– Джо, я помогу сменить рубашку, когда закончу с посудой.

      Джо молниеносно выехал из комнаты, раньше, чем кто-нибудь успел моргнуть.

      – Боже, какой он быстрый на этой штуковине, – сказала Эверли, улыбаясь и ополаскивая в раковине посуду. – Прости, Коул, что я не встала вовремя и не пошла с тобой этим утром. Мне было тяжело уснуть прошлой ночью. Новое место и все такое, – сказала она, поворачиваясь с улыбкой ко мне.

      Я не буду обманут фальшивой добротой. Только не на этот раз. Сталь вокруг моего сердца укрепилась.

      Я скрестил руки на своей груди и оперся о шкаф возле раковины.

– Какова твоя игра, Э-вер-ли? – Адреналин мчался по моим венам.

      Она вздохнула, бросив губку в раковину с большей силой, чем было необходимо для притворного возмущения. Вытерев свои руки о джинсы, она гневно повернулась ко мне. – Это никакая не чертова игра, ковбой, – сказала она сквозь зубы. – И почему ты, черт возьми, постоянно произносишь так мое имя? – Она на шаг стала ближе.

      Здесь не осталось места для отступления. Я сделал свой шаг вперед, и наши пальцы на ногах встали вплотную.

– Как именно? – Лед пробежал по моим венам.

      – Э-вер-ли! – Она сказала это как большой, ворчливый медведь, ее голос был глубоким и резким, и я подумал, что она изображает меня.
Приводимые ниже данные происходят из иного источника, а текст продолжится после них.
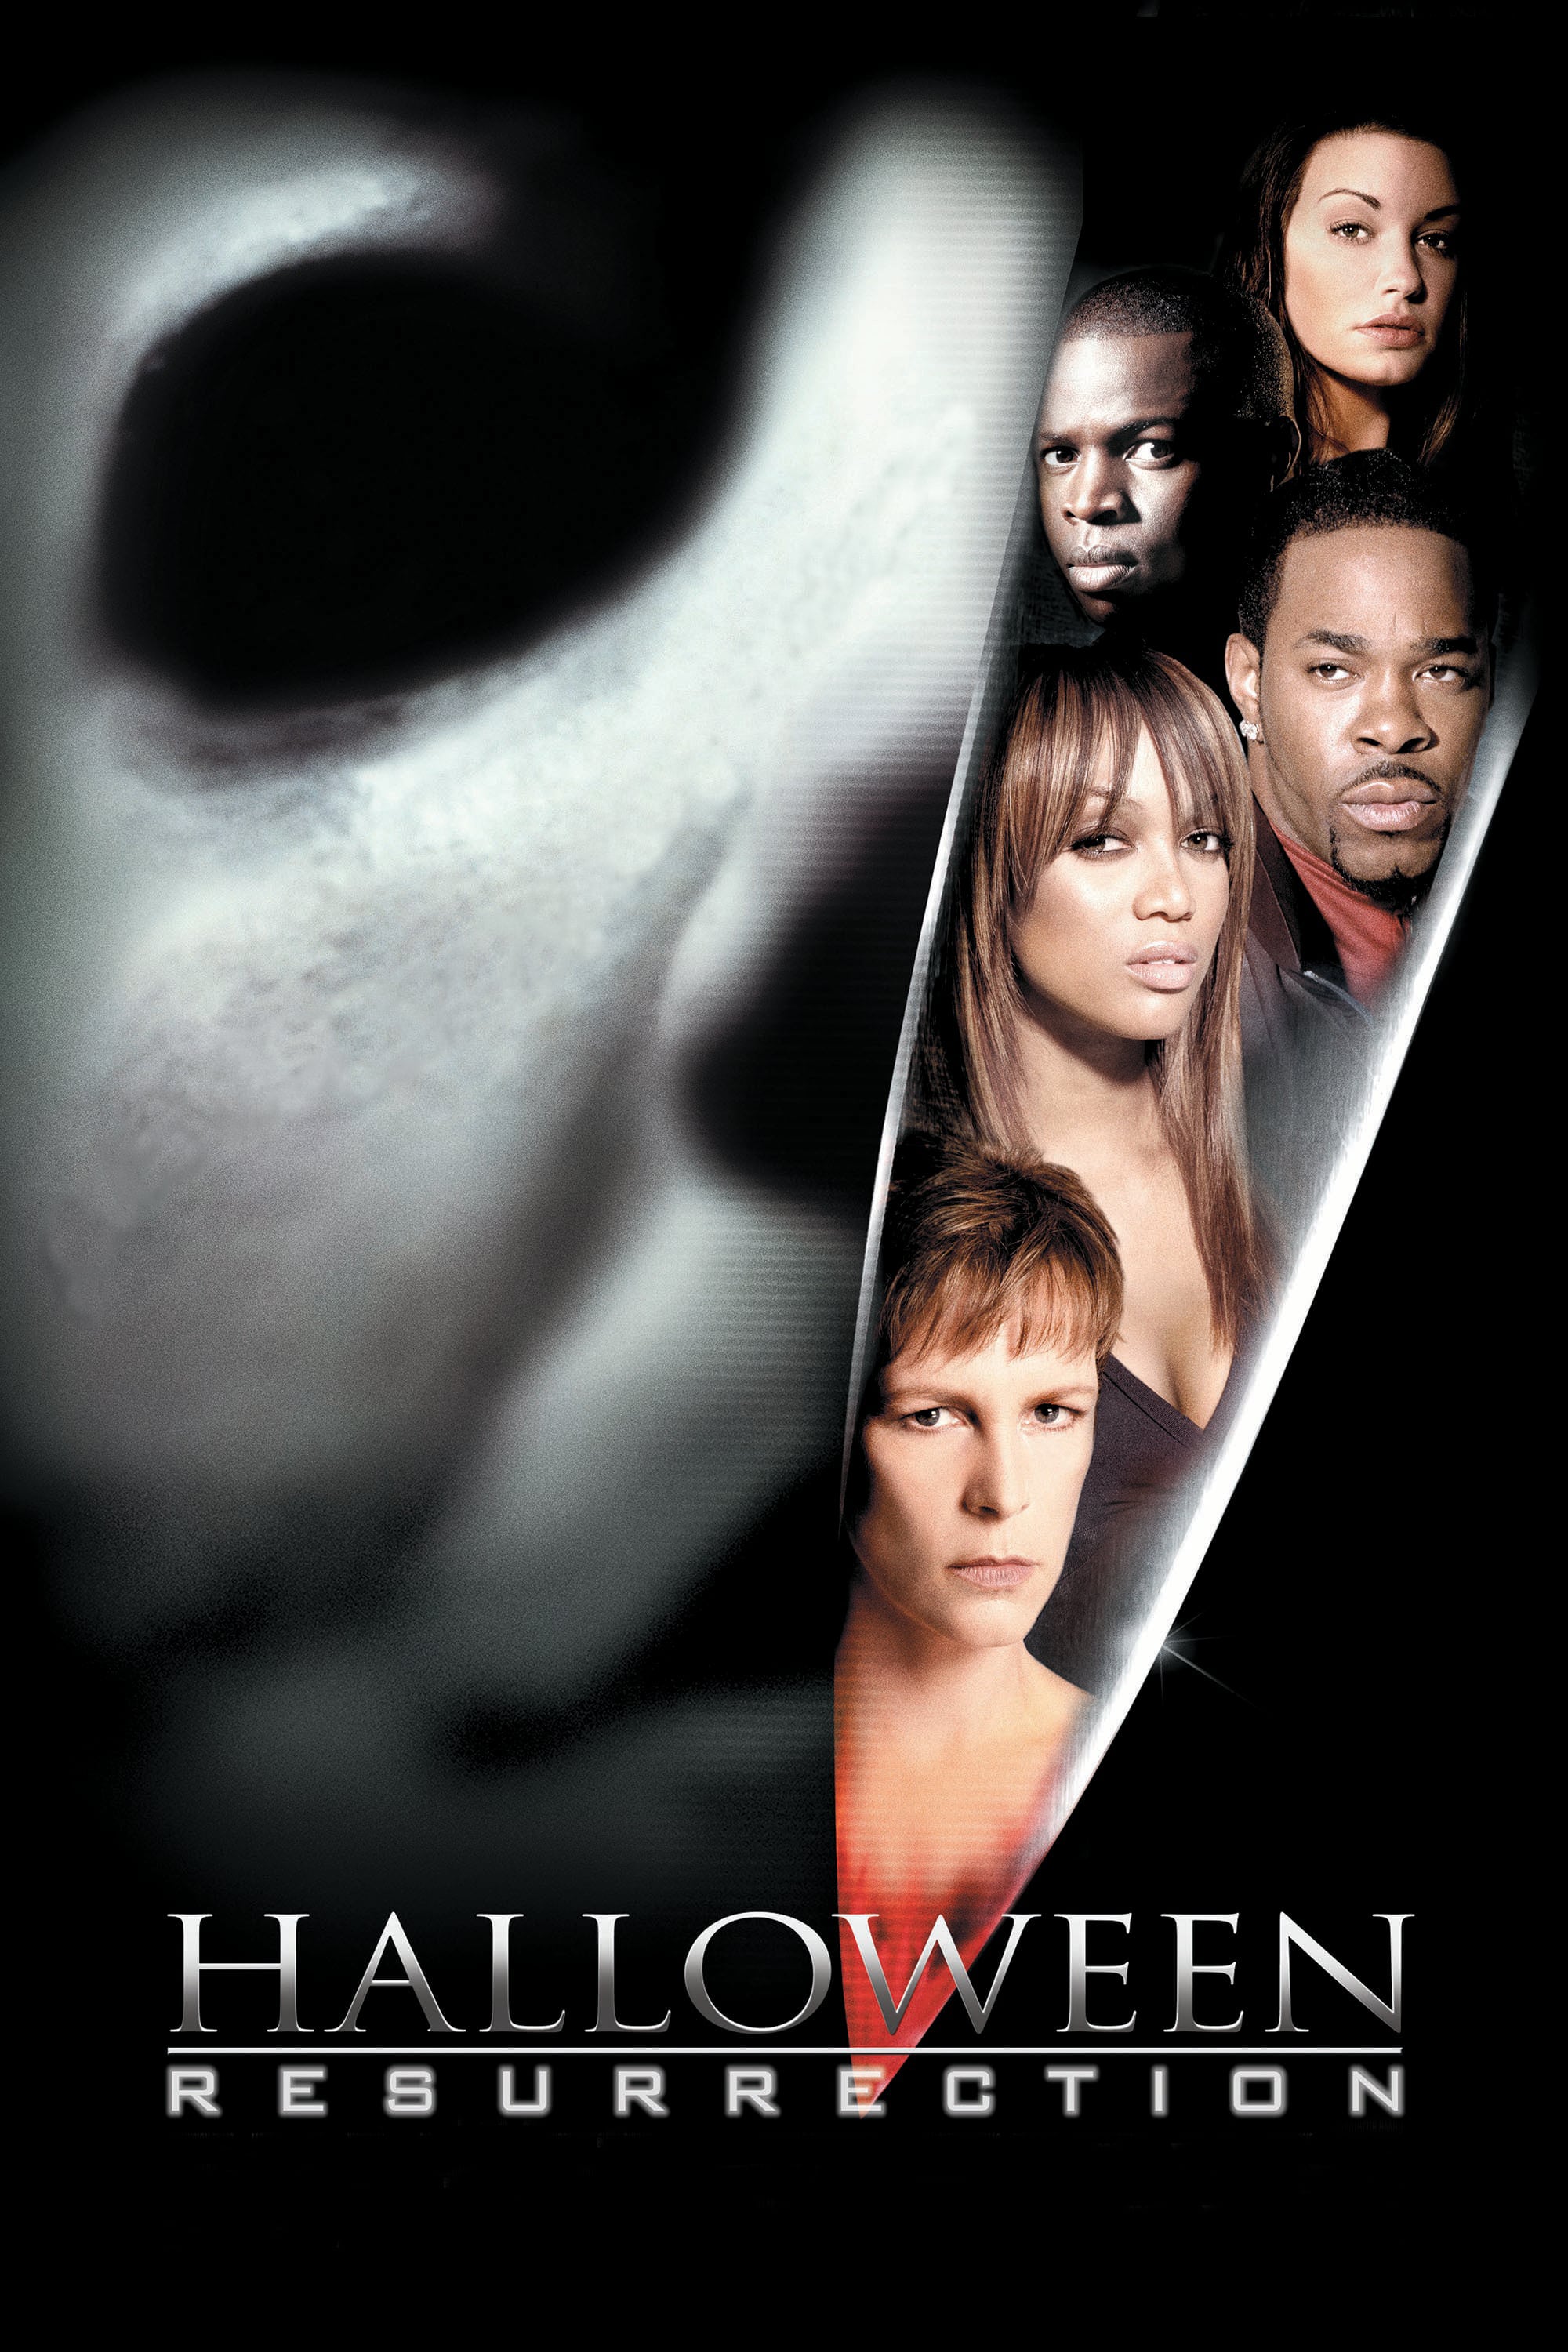 Plakat von "Halloween: Resurrection"

      – Это даже твое настоящее имя? – Я попал прямо в точку. У меня было достаточно этих долбаных вопросов, но это первый, который я хотел задать.

      Она выглядела удивленной и шокированной, но я не мог сказать, было ли это искренне или нет.

– Что? – спросила она. – Конечно, это мое настоящее имя. Какого черта ты спрашиваешь? – Она отступила назад.

      Я приблизился к ней. – А ты не думаешь, что я знаю название того города, где мы встретились с тобой? Ты уверена, что я не помню название железнодорожной станции, на которой я предложил тебе присесть? Давай, ребенок. Я думал, ты лучше этого. – Я покачал своей головой и выдохнул. Мое терпение было на исходе в этот хороший день, а у меня не было хорошего дня уже три гребаных месяца. Я собирался испоганить и этот. В какую игру она вздумала играть?

      Ее голова нагнулась вперед, а плечи опустились. Она смотрела в пол, сцепив свои руки, и внешне казалась сломленной. Сломленной, как та девушка-персик из поезда.

      Огонь пробежал по моей коже, а дыхание перехватило, и я вспомнил.

      Машинист стоял над нами, протянув свою руку за билетами. А Персик была в панике. Она съежилась и вцепилась в свои колени.

      – Она со мной, – сказал я, протягивая свой билет и немного денег машинисту.

      Персик быстро повернулась, ее глаза сузились, и они сказали мне все.

– Я не с тобой, – она прошептала, а потом прокричала, поворачиваясь к машинисту. – Я не с ним, – сказала она спокойно, глядя на машиниста.

      Работник станции взглянул на пространство между нами.

– Мэм, меня не волнует с кем вы, но мне нужен ваш билет, либо вы сходите на следующей станции. – Человек, который стоял над ней, напугал ее.

      Нервно барабаня пальцами по своему бедру, она снова посмотрела на меня, потом на машиниста, зная, что у нее нет выбора в данной ситуации. – Тогда я думаю, что я с ним, – сказала она, выставляя большой палец и показывая на меня, при этом ее щеки снова покрылись розовым румянцем.

      Я усмехнулся.

      Машинист покачал головой и отдал мне мои квитанции.

– Счастливого пути. – Он посмотрел на девушку. – И удачи.

      Я снова засмеялся, и Персик перевела взгляд на меня. Мне необходимо было больше, чем везение. Эта девушка была полностью закрытой и неразговорчивой. Мне нужно было чертово чудо.

      Оказалось, что я не получил чуда. Только преимущество.

      Я сделал еще один шаг вперед. Я загнал ее в угол, и наши тела практически соприкасались. Я проигнорировал легкий запах жимолости и солнечного света, потому что все в этой девушке было задумано так, чтобы обманывать, и меня обманули.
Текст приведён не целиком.